[Qatar-pm] Does the Qtel filter affect web speed?

Nigel Gourlay ngourlay at gmail.com
Sun May 3 06:37:16 PDT 2009


I'm ambivalent about posting this mail, but the figures probably don't lie.

The Qtel filter acts as both a censor and as a webcache. At a recent
Qatar GNU Linux User Group meeting, I suggested it would be
interesting to see how the filter affected download speeds.

Tested using 1024kbps ADSL, contacting a US-located webserver bound to
ports 80 and 92. Port 80 traffic is intercepted by Qtel's filter. Port
92 traffic is ignore by Qtel.

Static requests are HTTP GET requests for zero-byte and 100KB binary
files. The responses should be cacheable by a webcache.

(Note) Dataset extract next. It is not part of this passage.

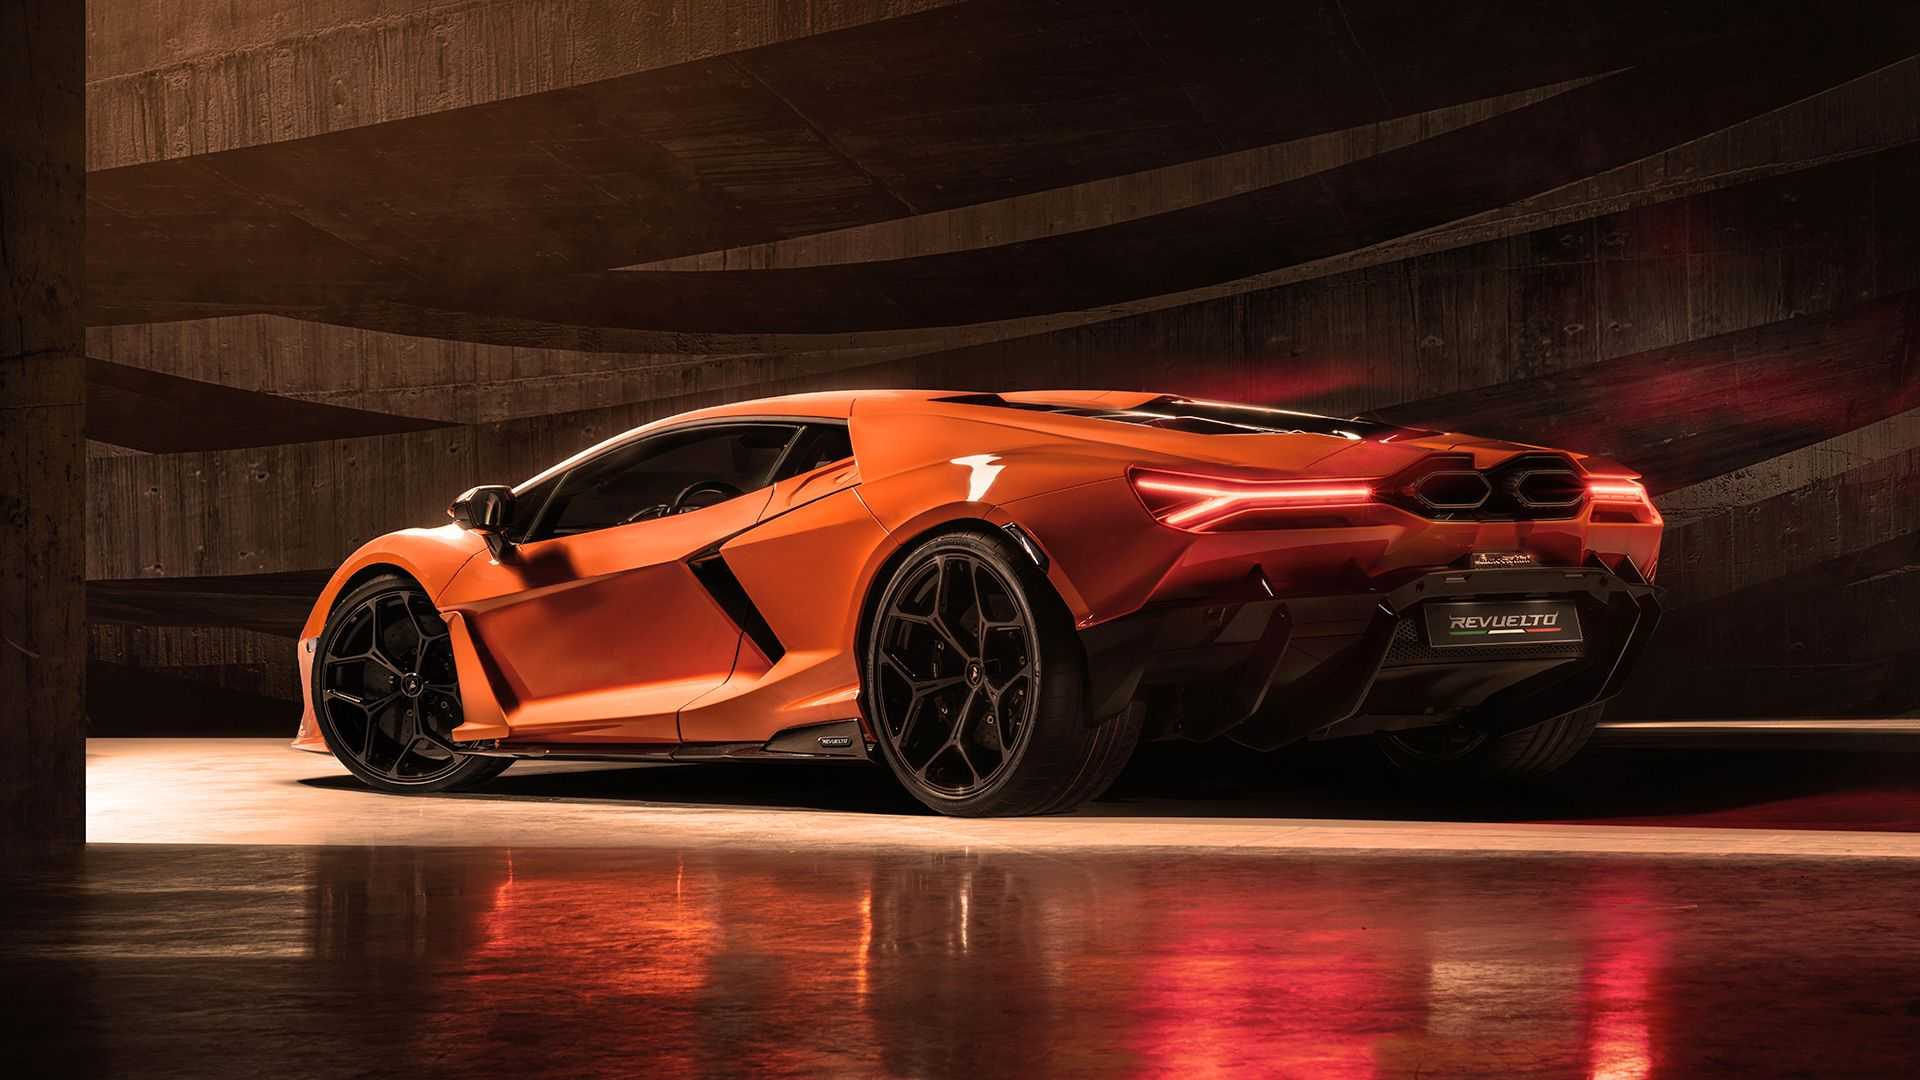 Lamborghini Revuelto chính thức chào sân: Hậu duệ Aventador, công suất trên 1.000 mã lực - Ảnh 3.

Dynamic requests are HTTP GET requests to randomly generated URLs. The
responses should not be cacheable.

ICMP ping
round-trip min/avg/max/stddev = 277.523/280.222/286.745/1.863 ms

Zero-byte static requests
Port 80: min/avg/max/stddev 60.673/68.117/198.970/18.626 ms
Port 92: min/avg/max/stddev 581.702/598.875/1497.643/90.853 ms

100KB static requests
Port 80: min/avg/max/stddev 1179.798/1446.170/1791.680/113.822 ms
Port 92: min/avg/max/stddev 3745.255/4205.562/6069.717/563.729 ms

Zero-byte dynamic requests
Port 80: min/avg/max/stddev 323.830/382.158/1627.435/173.142 ms
Port 92: min/avg/max/stddev 584.414/626.839/1716.627/130.719 ms

100KB dynamic requests
Port 80: min/avg/max/stddev 1882.814/1914.729/2000.469/28.852 ms
Port 92: min/avg/max/stddev 2450.092/2491.407/2530.966/17.465 ms


Qtel's filter improves speeds for both static and dynamic requests.